According to the press release, companies have extracted more than $300 billion worth of metals like gold, silver and copper as well as minerals from public lands without paying any royalties.

The abandoned mines that have been left behind will cost billions of dollars to clean up, which is often an expense borne by taxpayers.

The press release states that 40 percent of headwaters in the western United States have been contaminated by legacy mine sites. 

In addition to imposing federal mineral royalties, the bill would create a fund to clean up past contamination and abandoned mine sites. It would also eliminate the patenting of federal lands for mining and would require the review of certain lands within three years to determine if they should be made available for future mining.

“A just and clean energy transition isn’t possible if the mining industry and its destructive practices carry on business as usual.

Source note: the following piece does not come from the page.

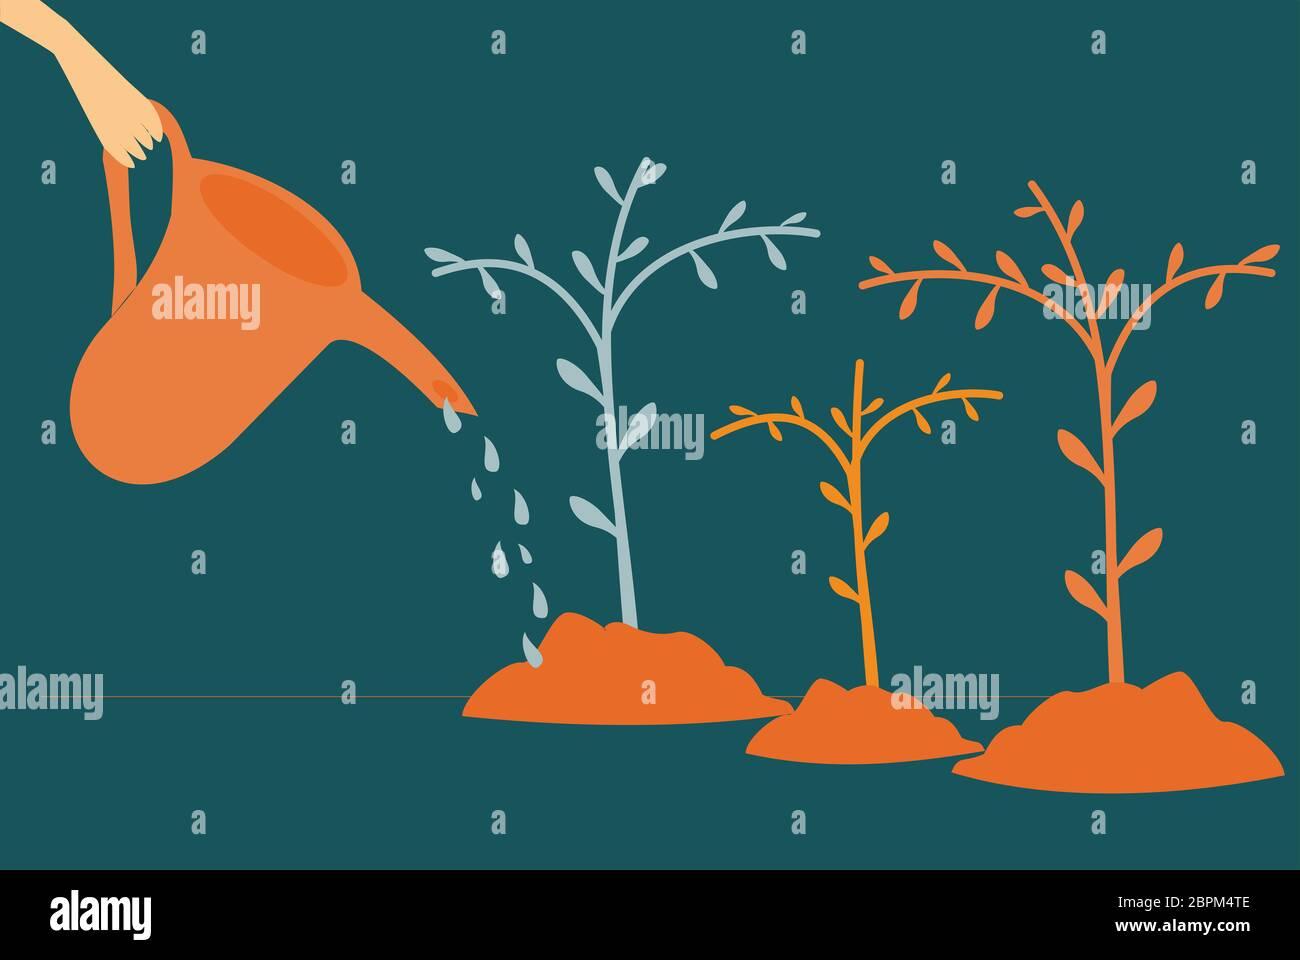 Plantar a mano y regar árboles en el suelo - Ecología y Sostenibilidad Foto de stock

Since even before the 1872 Mining Law, Tribal nations, Black, Brown, rural and frontline communities have fought for their health and future in the face of insufficient environmental protections and no requirements for mining companies to pay to clean up their pollution after they leave town,” Kiara Tringali, senior government relations representative at The Wilderness Society, said in a press release praising the introduced legislation. “We need a renewable energy transition and it cannot be an excuse to perpetuate injustices and corporate favoritism. We’re counting on Congress to pass the Clean Energy Minerals Reform Act to ensure that the minerals we need are extracted responsibly with careful consideration for the wellbeing of our communities, health, water and cultural sites.”